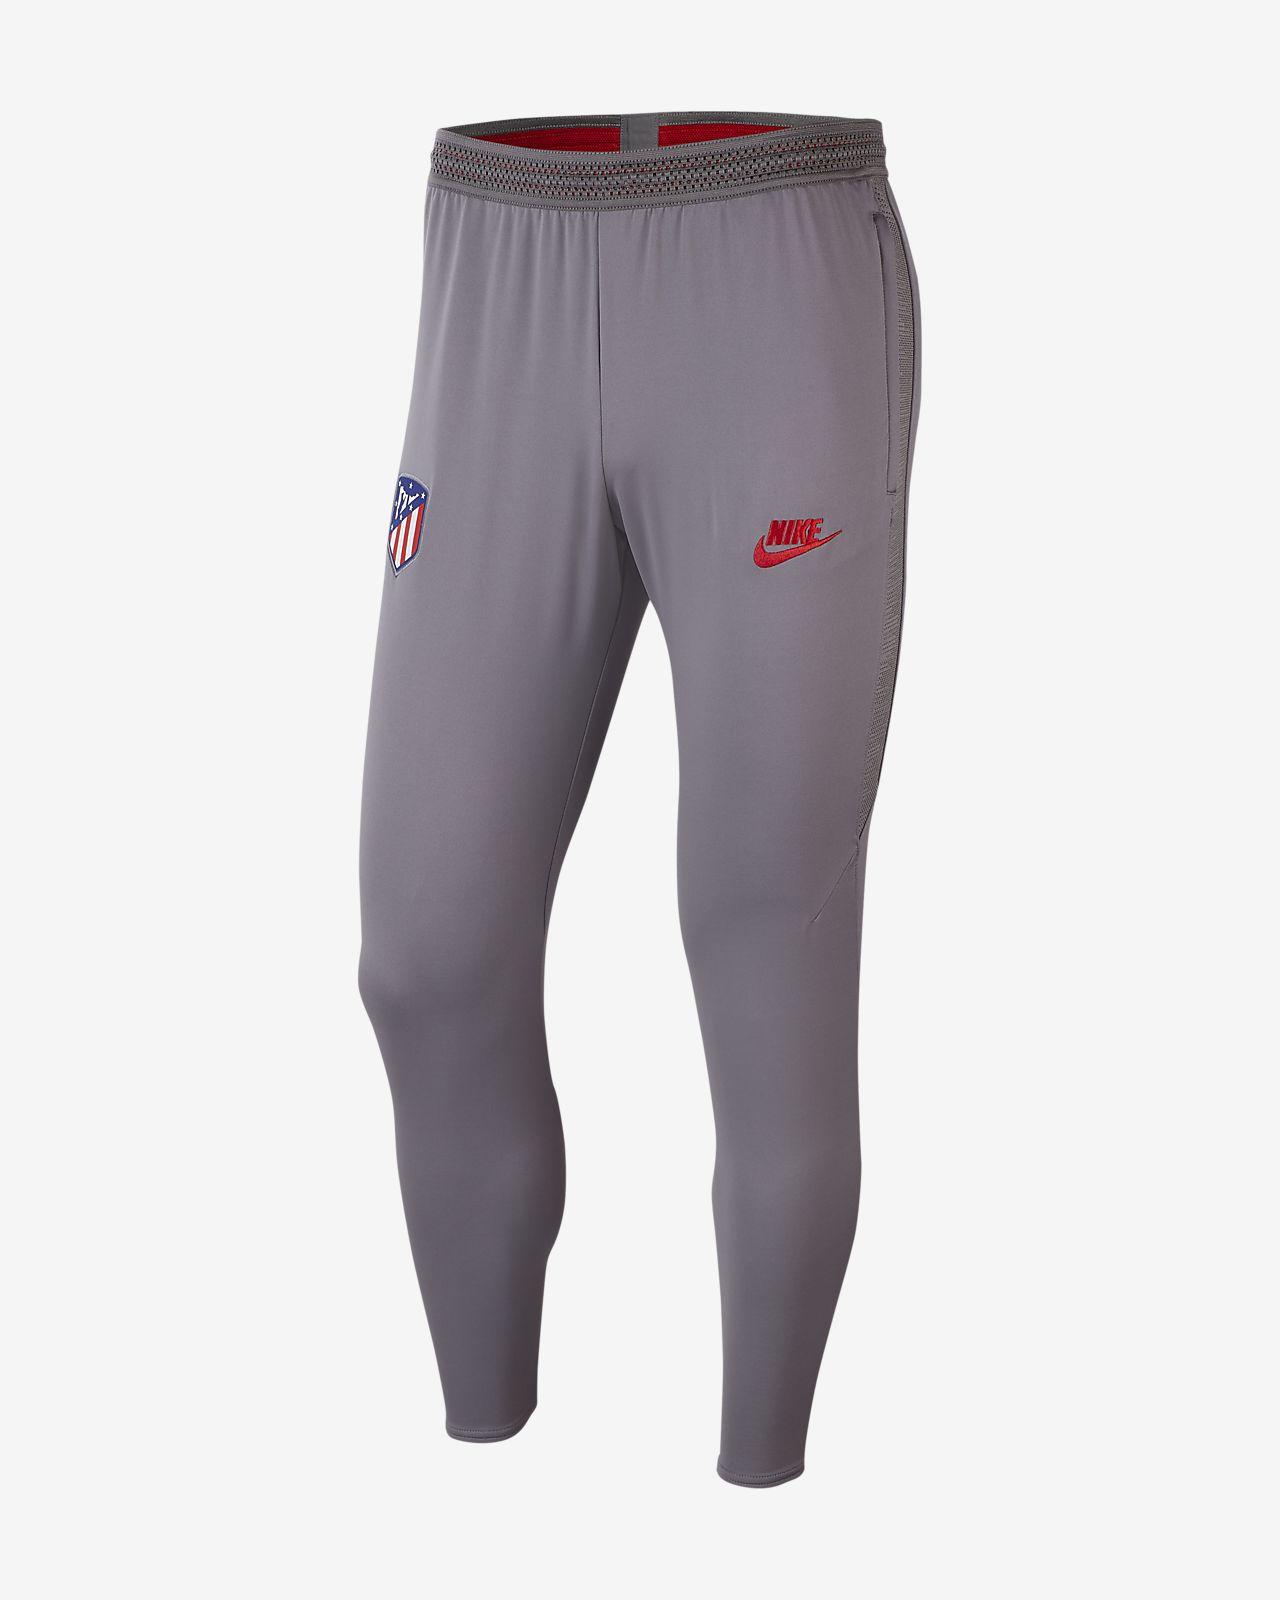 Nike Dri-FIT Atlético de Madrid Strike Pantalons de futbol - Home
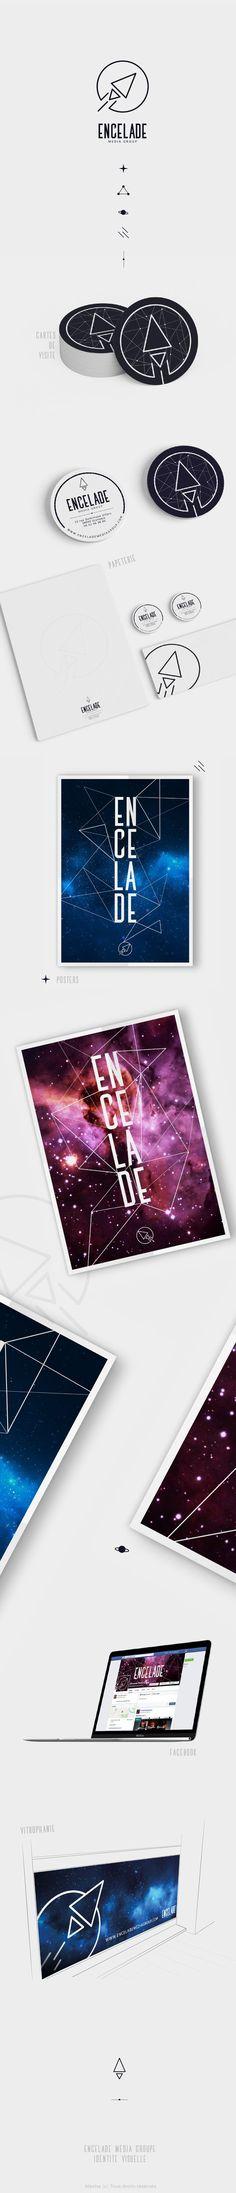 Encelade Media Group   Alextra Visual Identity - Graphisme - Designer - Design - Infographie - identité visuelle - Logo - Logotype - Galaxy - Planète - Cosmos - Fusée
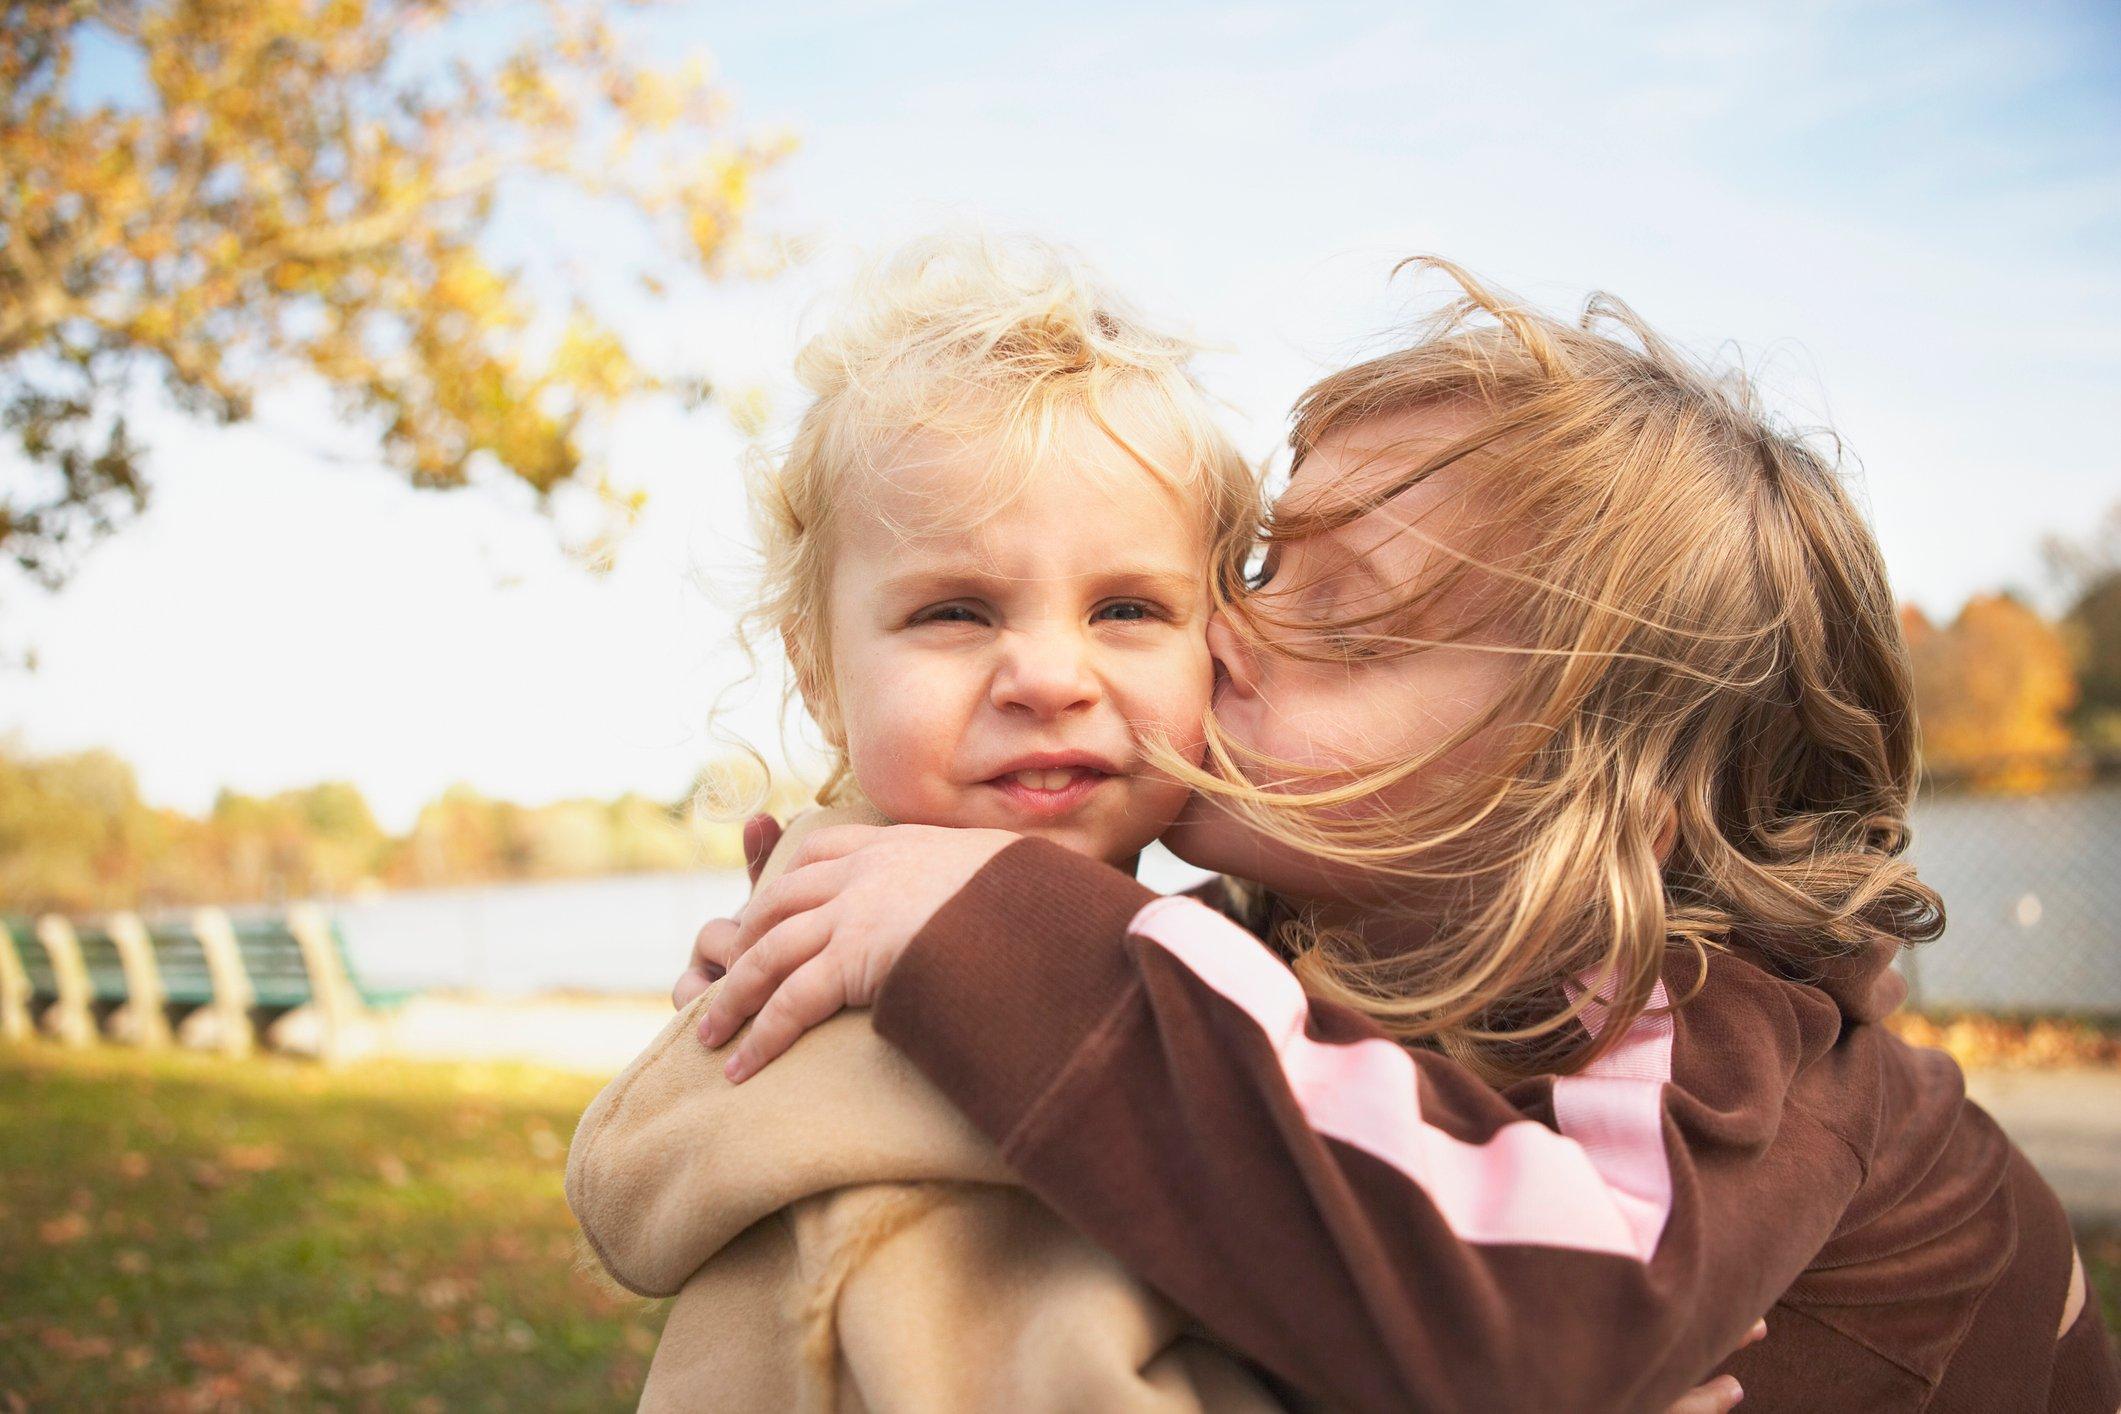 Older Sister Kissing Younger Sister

# Your task:
Restate every line of the listing exactly. Pictures are not part of the copy.

# Result of the task:
 Nike Dri-FIT Atlético de Madrid Strike Pantalons de futbol - Home
 Encelade Media Group   Alextra Visual Identity - Graphisme - Designer - Design - Infographie - identité visuelle - Logo - Logotype - Galaxy - Planète - Cosmos - Fusée
 Older Sister Kissing Younger Sister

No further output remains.